_Task requirements:_ Reproduce word for word every line from the one containing "Różnica między blastulą" through the end of the listing below; omit the pictures.

_Given material:_
☆ ☆ ☆ ☆ ☆
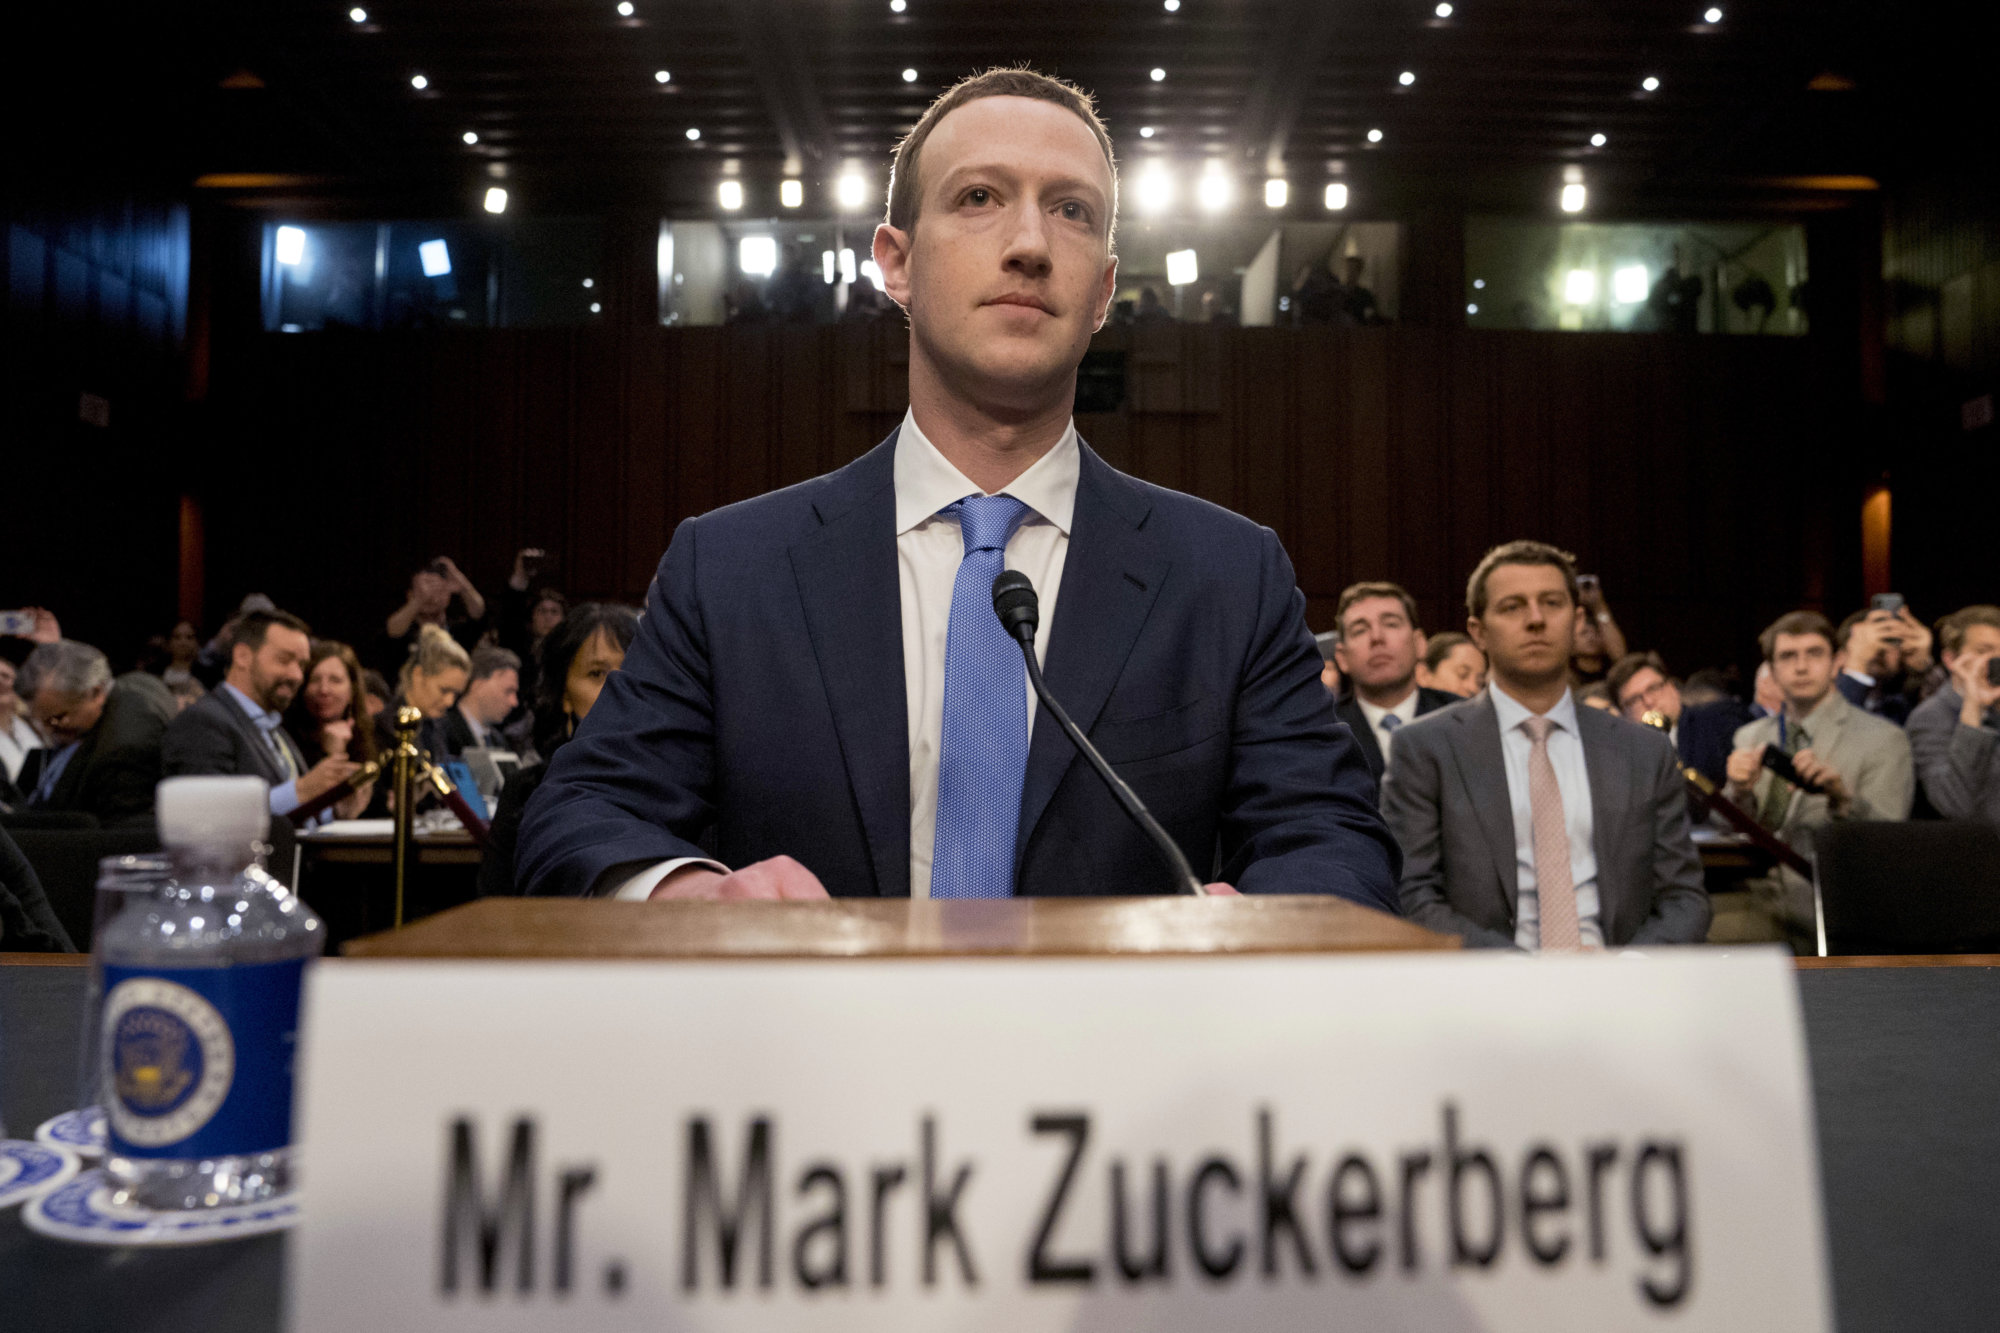 Zuckerberg sa po škandále s dátami v kongrese ospravedlňoval a priznal chyby – Denník N
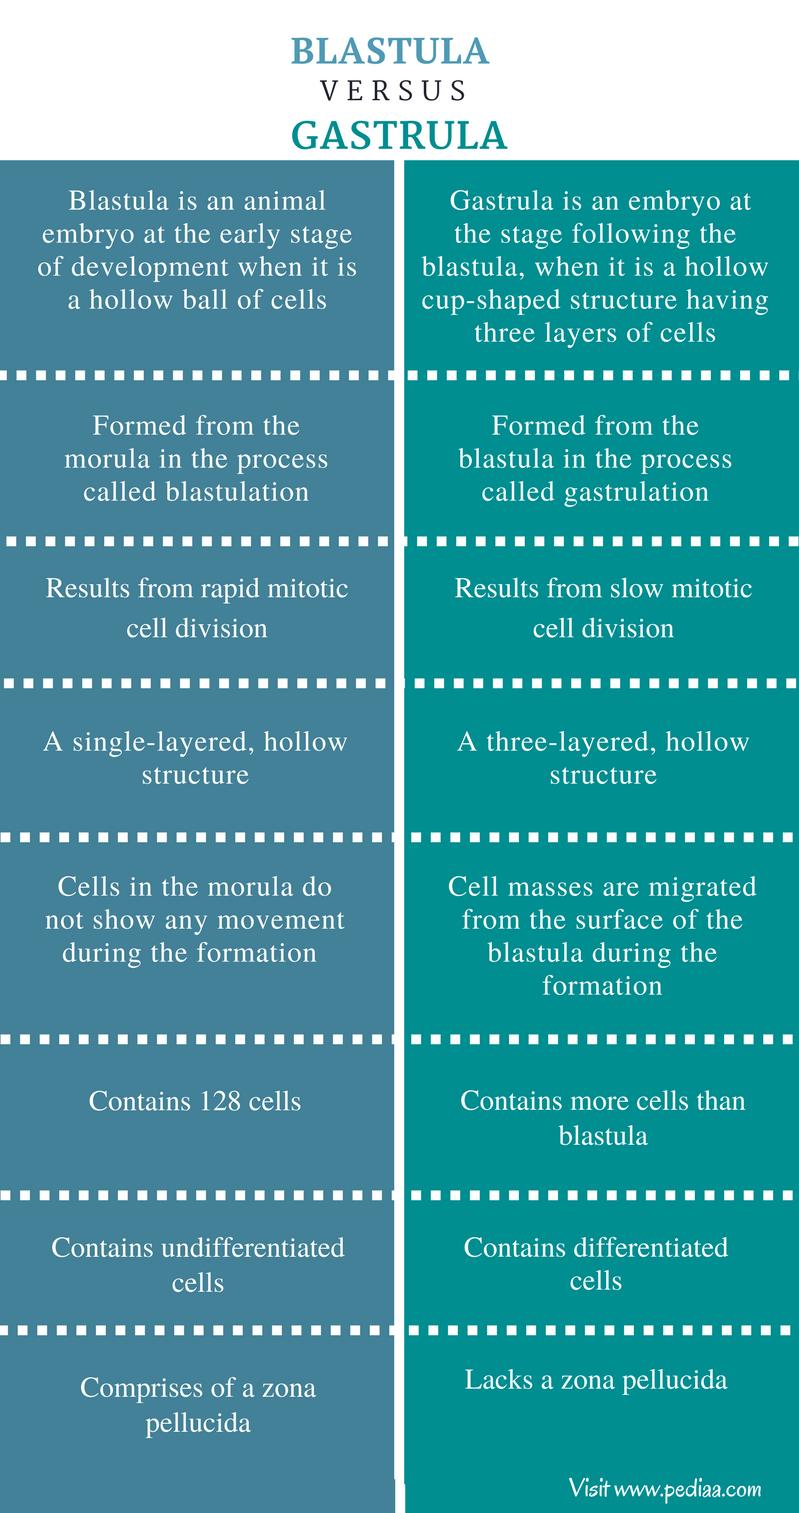 Różnica między blastulą a gastrulą - podsumowanie porównawcze
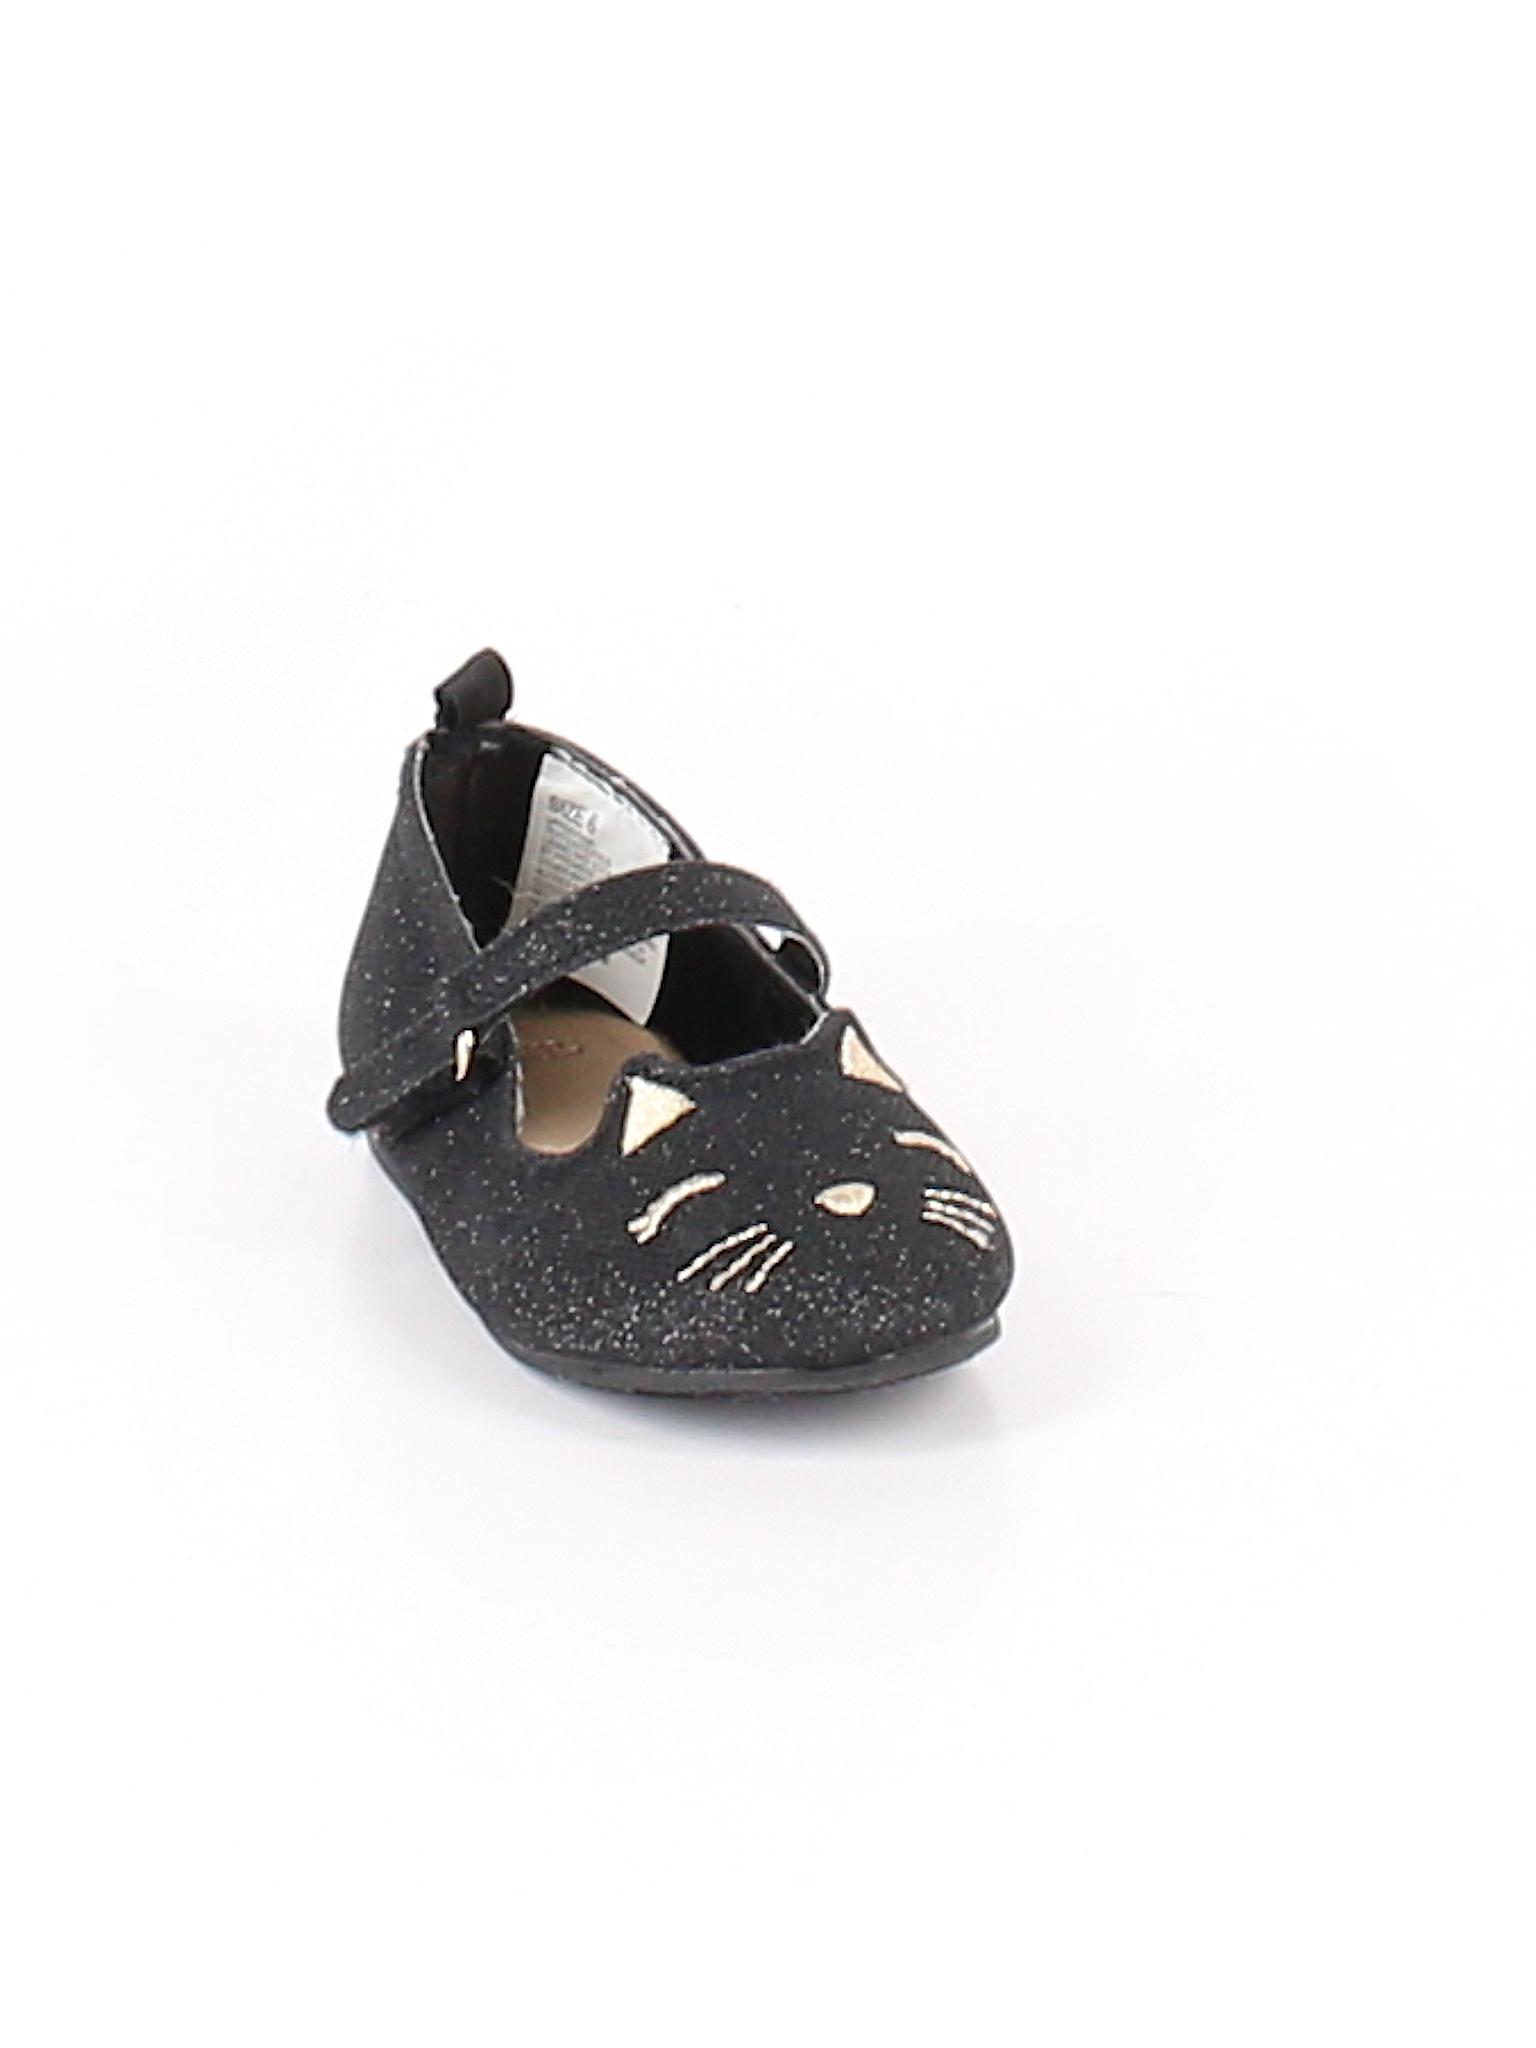 Gymboree Graphic Black Dress Shoes Size 6 off
☆ ☆ ☆ ☆ ☆
_The answer:_
 Różnica między blastulą a gastrulą - podsumowanie porównawcze
 Gymboree Graphic Black Dress Shoes Size 6 off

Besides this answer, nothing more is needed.